EXERCISE GOAL: Only the lines from the one with "Pair of custom" through the last line of the material below belong in the answer, copied exactly and without pictures.

DATA BLOCK:
· · · · · · ·

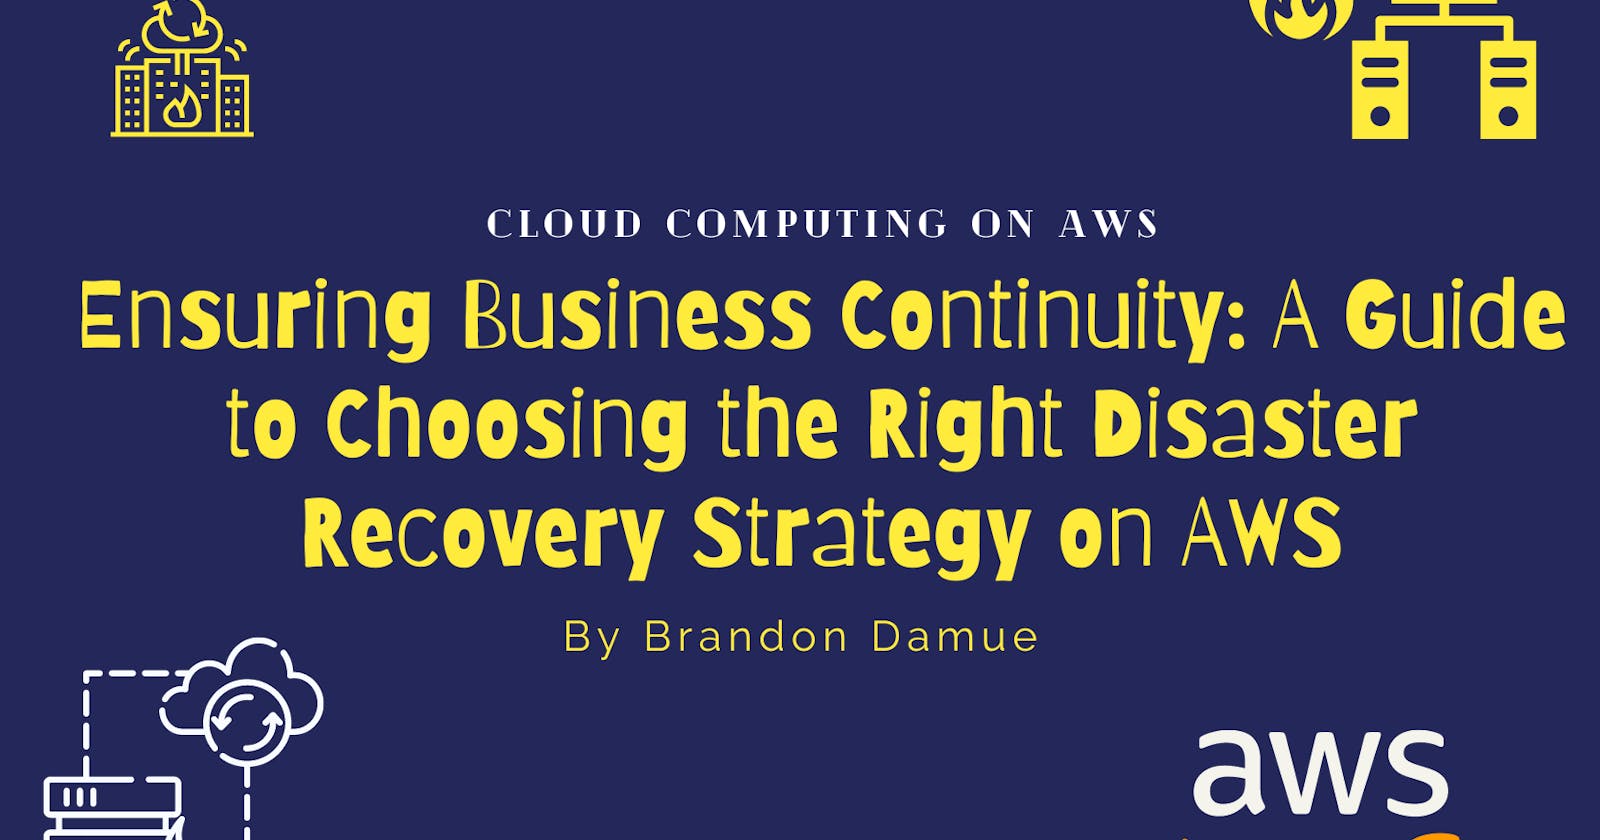 Ensuring Business Continuity: A Guide to Choosing the Right Disaster Recovery Strategy on AWS
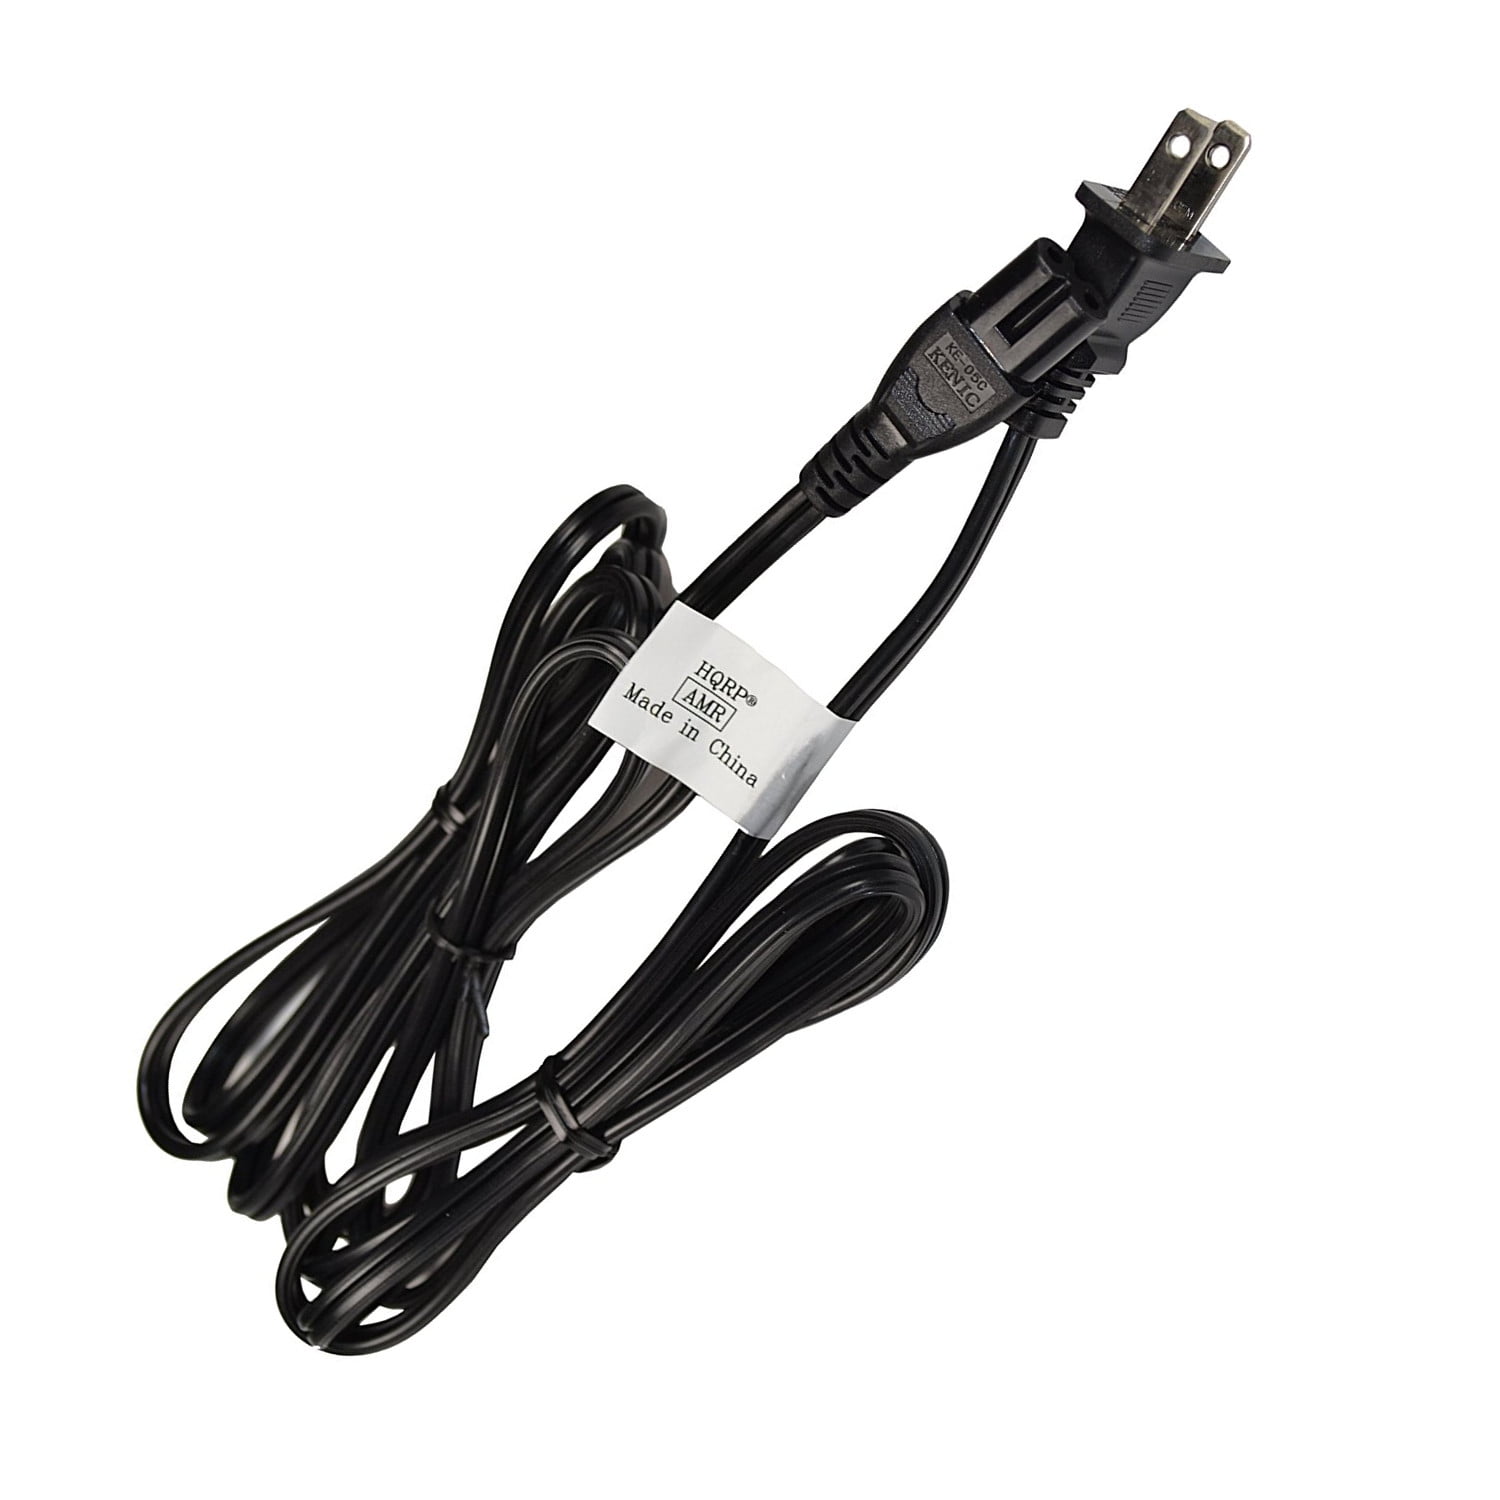 HQRP 5ft AC Power Cord for LG LF6100 50LF6100 55LF6100 60LF6100 Mains Cable Plus HQRP Coaster 
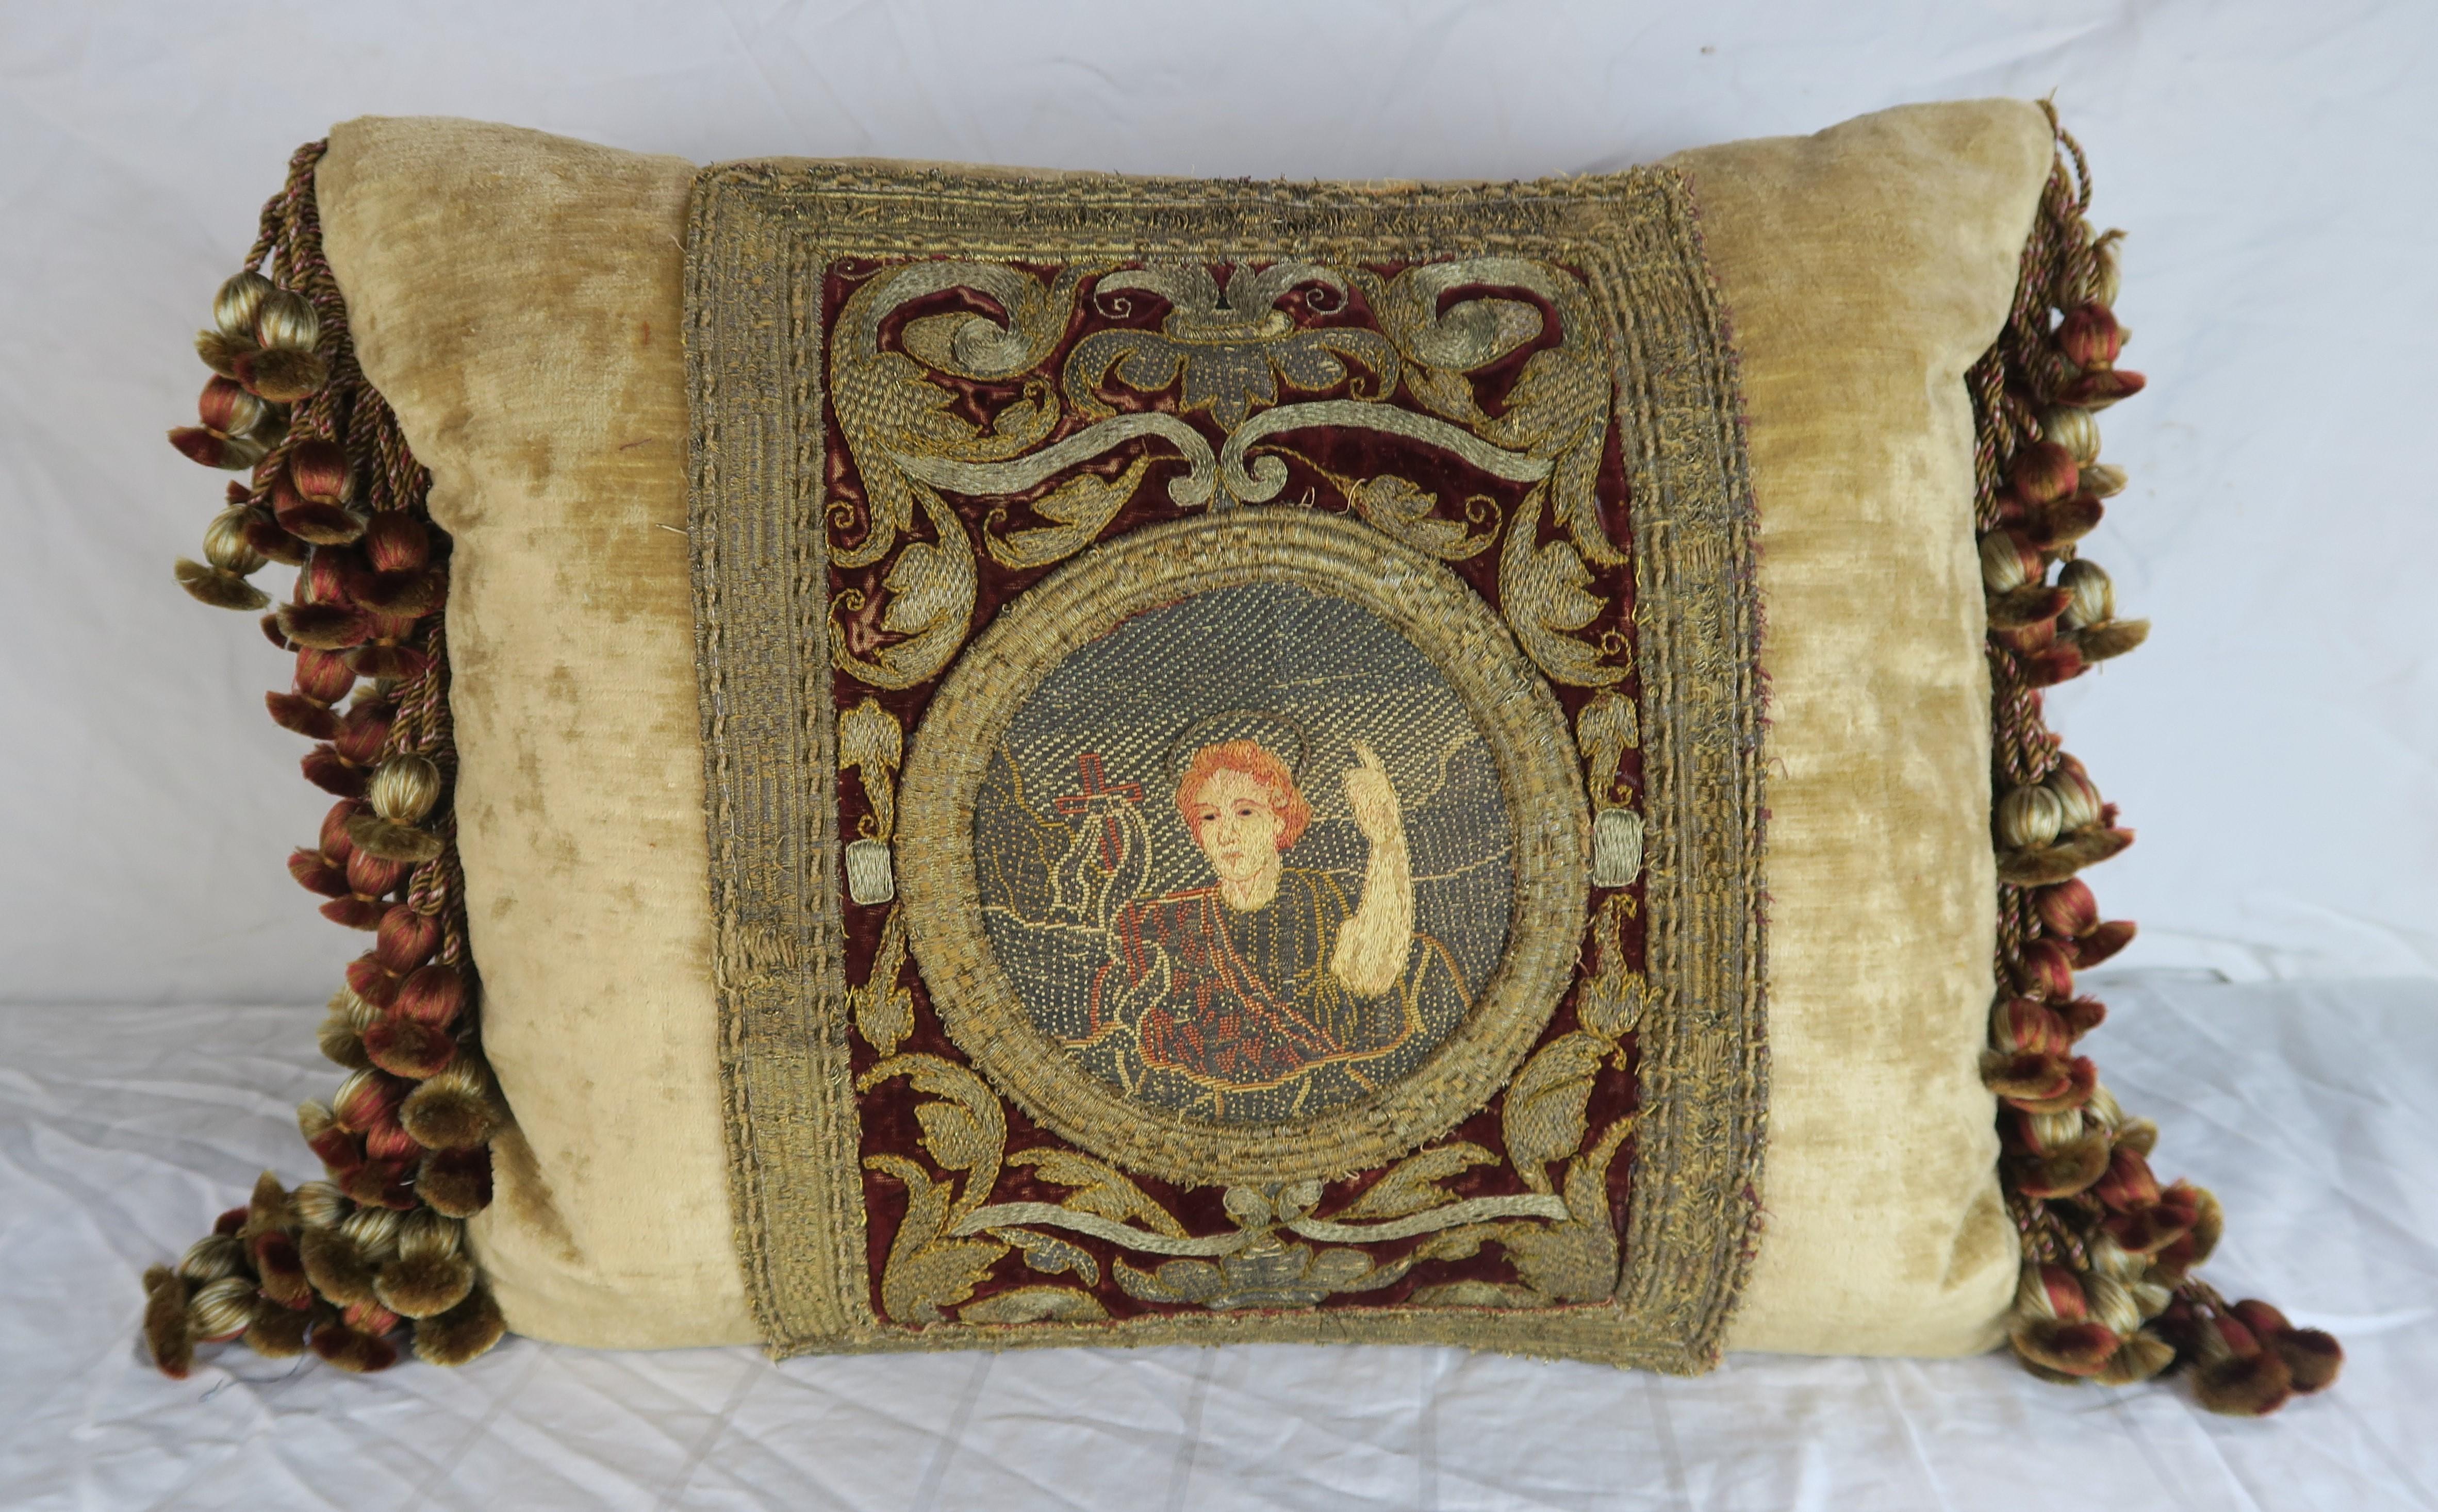 Pair of custom Melissa Levinson designed pillows made with 18th century metallic gold and silver embroidered silk velvet panels with incredibly fine embroidered Saints. The panels are framed with contemporary golden colored linen velvet. Multi
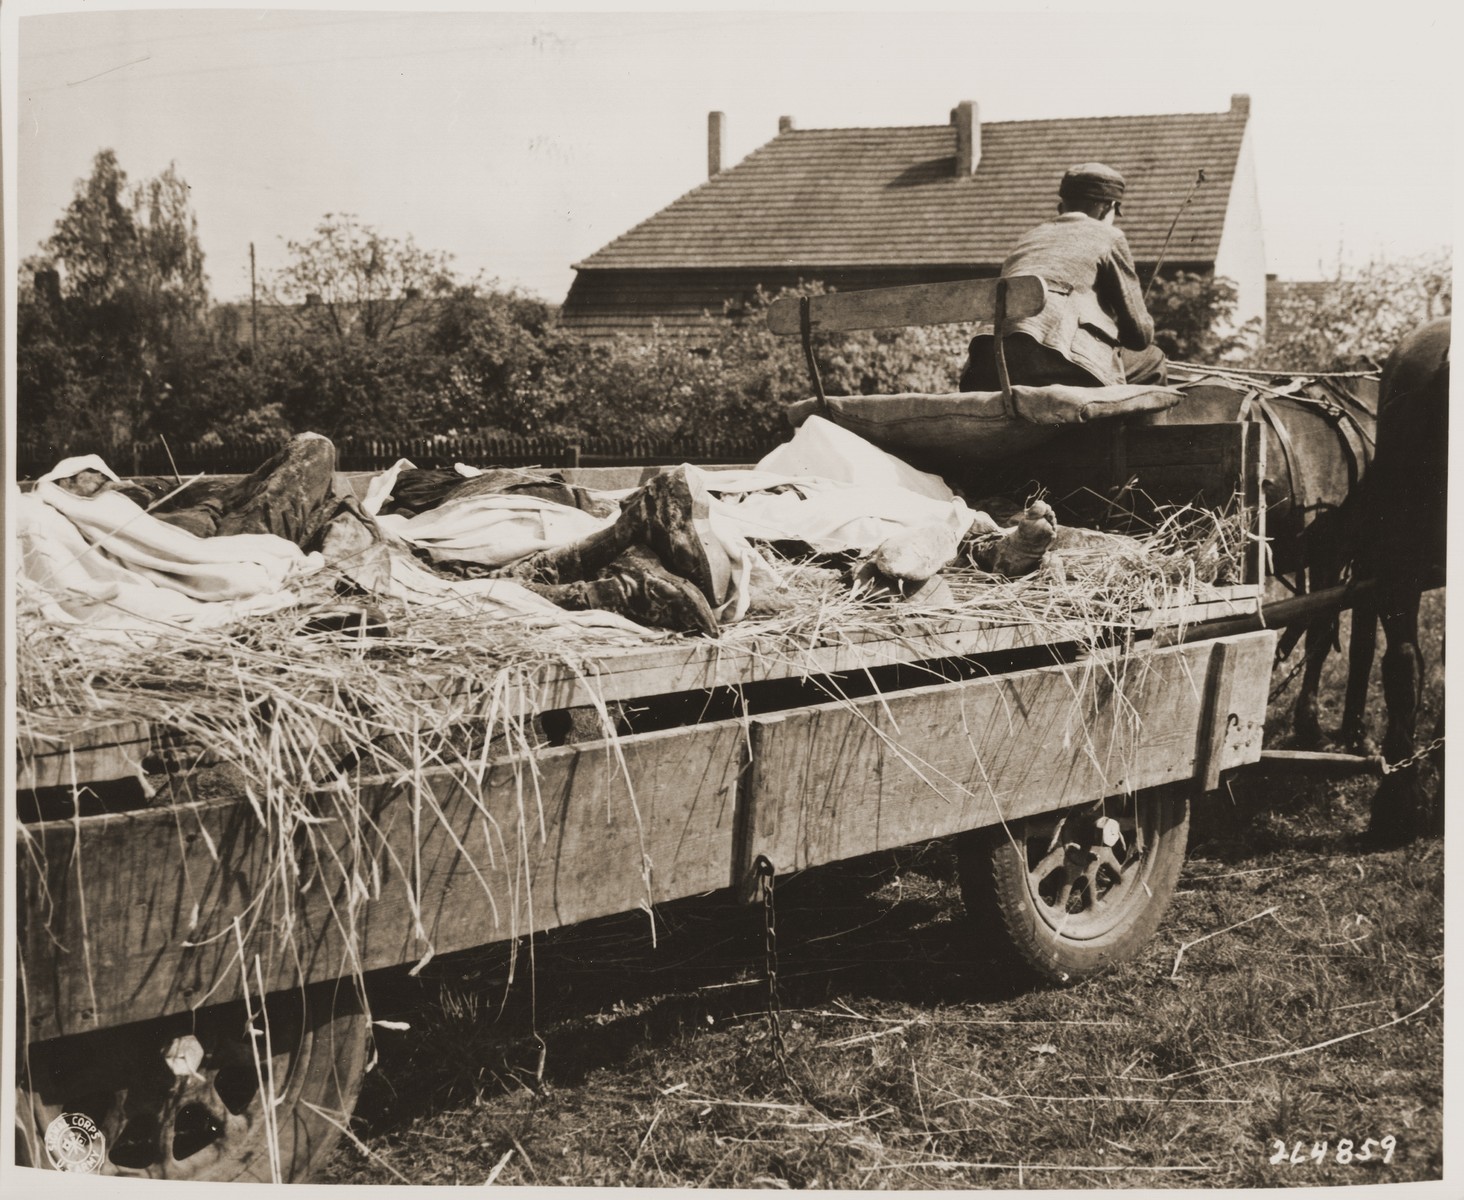 A German civilian transports the recently exhumed corpses of prisoners to a nearby site where they will be reburied.

· · · · · · ·

EXERCISE ANSWER:
 Pair of custom Melissa Levinson designed pillows made with 18th century metallic gold and silver embroidered silk velvet panels with incredibly fine embroidered Saints. The panels are framed with contemporary golden colored linen velvet. Multi
 A German civilian transports the recently exhumed corpses of prisoners to a nearby site where they will be reburied.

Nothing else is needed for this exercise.